Política

Momento de absoluta paz

vb ed280 junho 24 capa momento de absoluta paz

Entrevista:José Múcio Monteiro

Foto:Milene Marques

 

Ministro da Defesa diz que Forças Armadas estão pacificadas e que é preciso dar mais responsabilidade ao Congresso, que já tem muito poder

 

           Ocupando um dos ministérios considerados como de escolha pessoal do presidente Lula, o ministro da Defesa, José Múcio Monteiro, passou por um grande teste no início do terceiro mandato do petista, com a invasão dos prédios dos Três Poderes, em Brasília. Muitos petistas pressionaram por sua saída, como uma espécie de punição pelo fato de ele ter votado, quando ministro do Tribunal de Contas da União, pela rejeição das contas da ex-presidente Dilma Rousseff.

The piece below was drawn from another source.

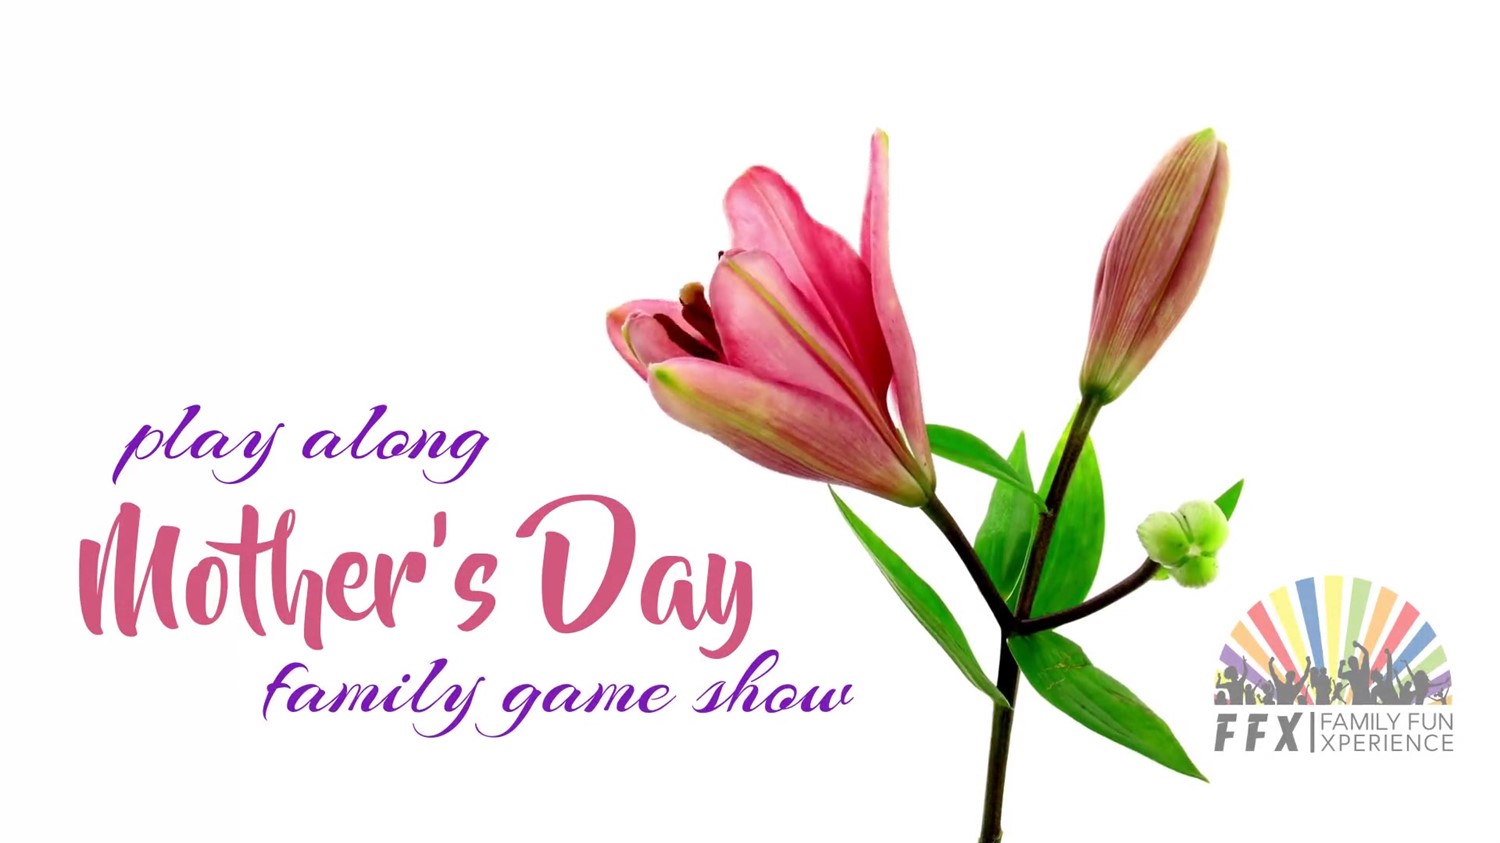 Mom's Day Family Game Show MATINEE TIME! on may. 12, 15:00@FFX Theatre - Elegir asientoCompra entradas y obtén información enFamily Fun Xperience tickets.ffxshow.org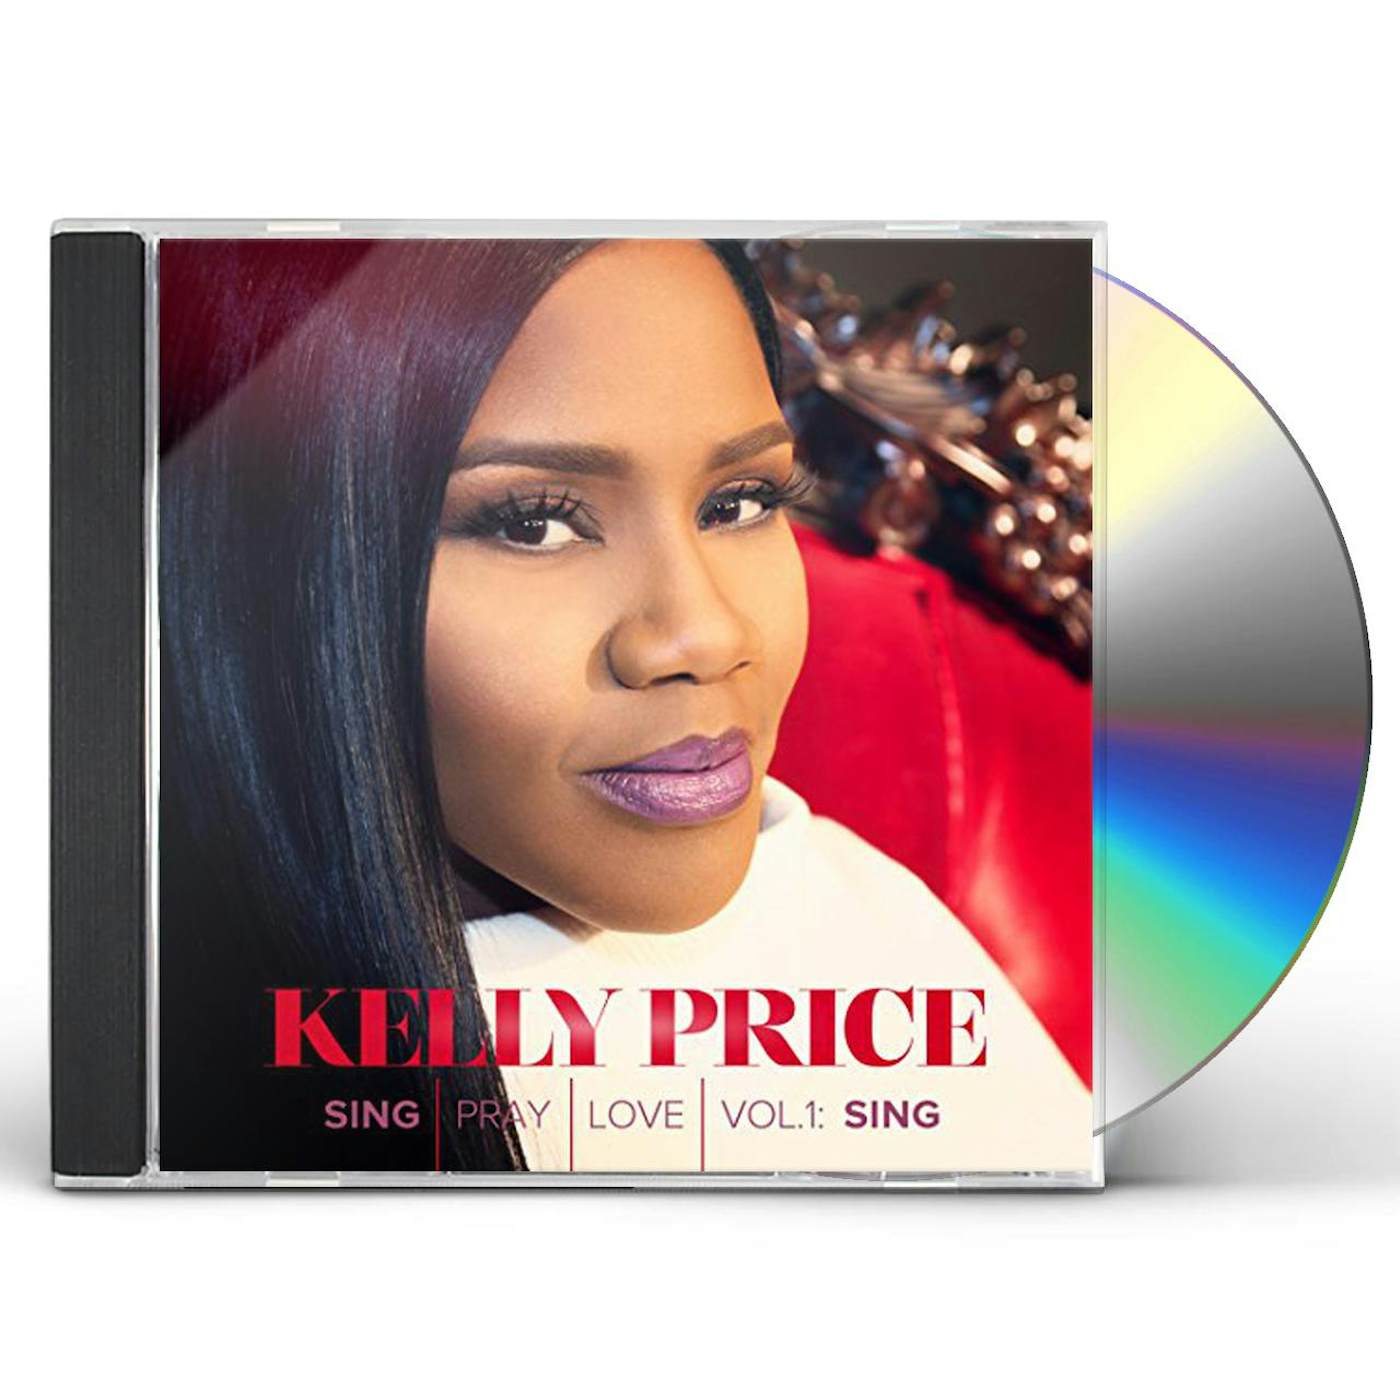 Kelly Price SING PRAY LOVE 1 CD

A decisão foi usada como munição para o seu processo de impeachment. O bom relacionamento do ministro com o presidente e com o Congresso Nacional, garantiu a sua permanência no governo. As turbulências do início, provocadas pelo radicalismo político e pela tentativa de golpe passaram. Agora, segundo José Múcio, o momento é de tranquilidade. Ele falou com a Viver Brasil durante o Conexão Empresarial, em Araxá.

 O senhor já foi deputado federal, foi do tribunal de contas da união, prefeito, secretário do estado, já esteve de todos os lados. qual o período mais difícil do brasil nesse tempo todo?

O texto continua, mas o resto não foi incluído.